Dataiku has announced the release of Dataiku 7, according to a press release on the company’s website. The update is highlighted by deeper integrations for technical professionals who work on machine learning project development and row-level explainability for white-box AI. There are also new Kubernetes-powered web apps that expand upon functionality released in Dataiku 6, as well as a machine learning-assisted data labeling plugin.
Dataiku offers an advanced analytics solution that allows organizations to create their own data tools.
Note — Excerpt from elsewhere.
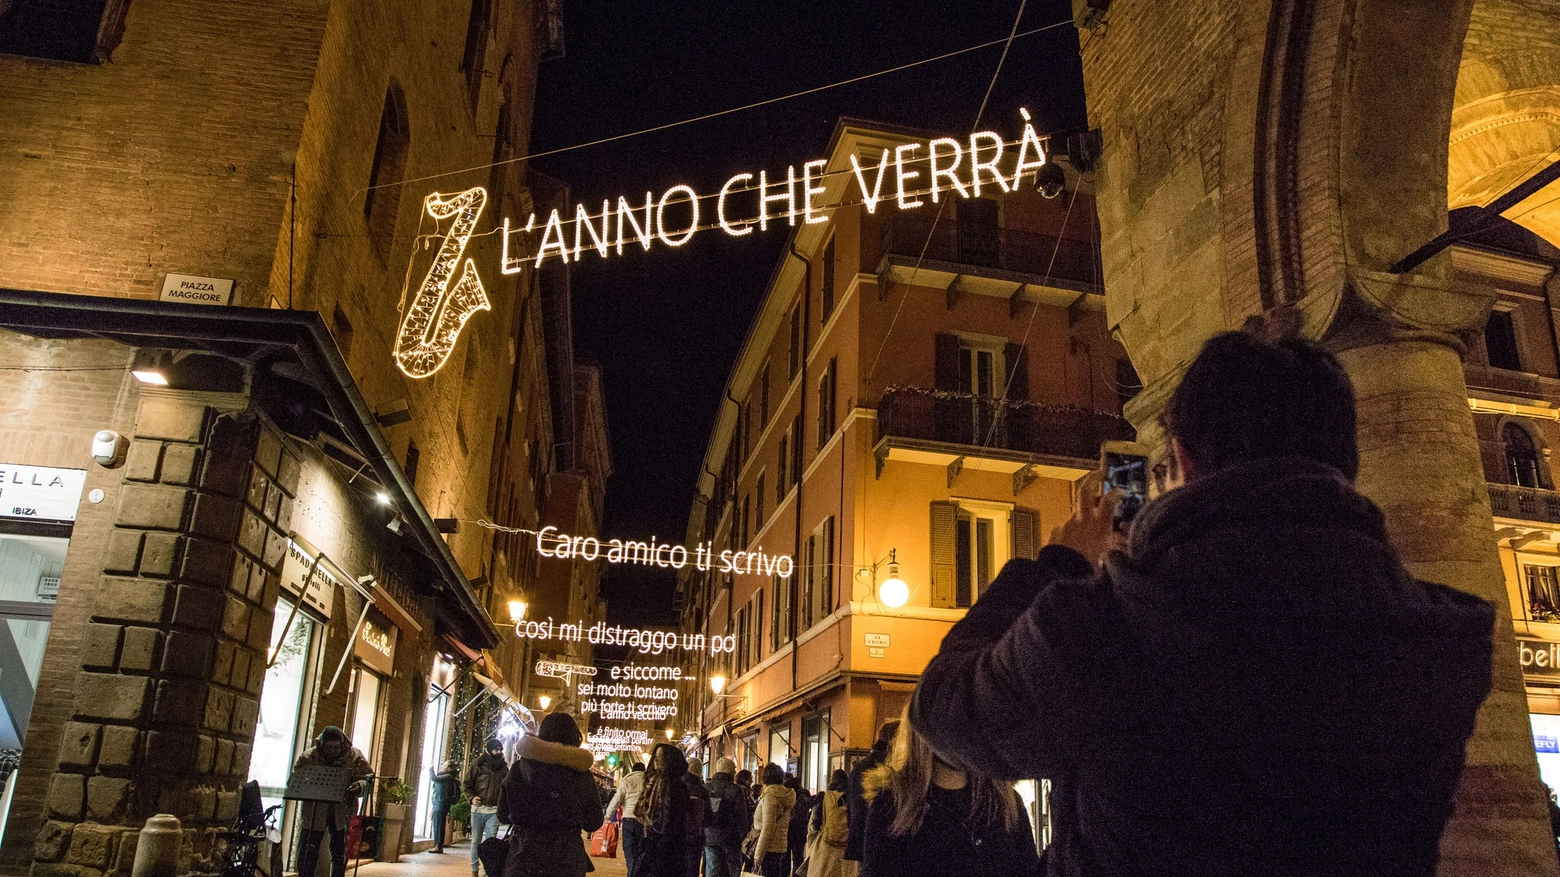 Pioggia di selfie con le luci dedicate a Lucio Dalla. Ora vanno all'asta (Dire)

The company’s flagship product features a team-based user interface for both data analysts and data scientists. Dataiku’s unified framework for development and deployment provides immediate access to all the features needed to design data tools from scratch. Users can then apply machine learning and data science techniques to build and deploy predictive data flows.
Dataiku 7 adds support for advanced statistical analysis via the worksheet-and-cards format. New prediction explanations describe which characteristics or features have the greatest impact on a model’s outcomes. The platform includes both row-level prediction explanations in output datasets as well as interactive visualizations of individual explanations as well.
Enhanced Git integration in Dataiku 7 lets data scientists or other technical users create, delete, push, and pull Git branches directly from Dataiku. Once the iteration on the duplicate project is complete, changes can be merged back into the original project (with all the changes tracked in Git). Dataiku users can now also run web apps on Kubernetes clusters, which enables more concurrent users and a flexible backend for resource-heavy AI deployments.
In a media statement about the news, Dataiku CEO Florian Douetteau said: “Collaboration has been at the core of Dataiku since our founding in 2013, and with Dataiku 7, we’re continuing to add features that deepen our philosophy to effectively democratize AI in the enterprise. With this launch, Dataiku 7 is our second consecutive product release that expands features for explainable AI, a critical component for organizations across industries to succeed and understand the impact of their AI model outcomes.”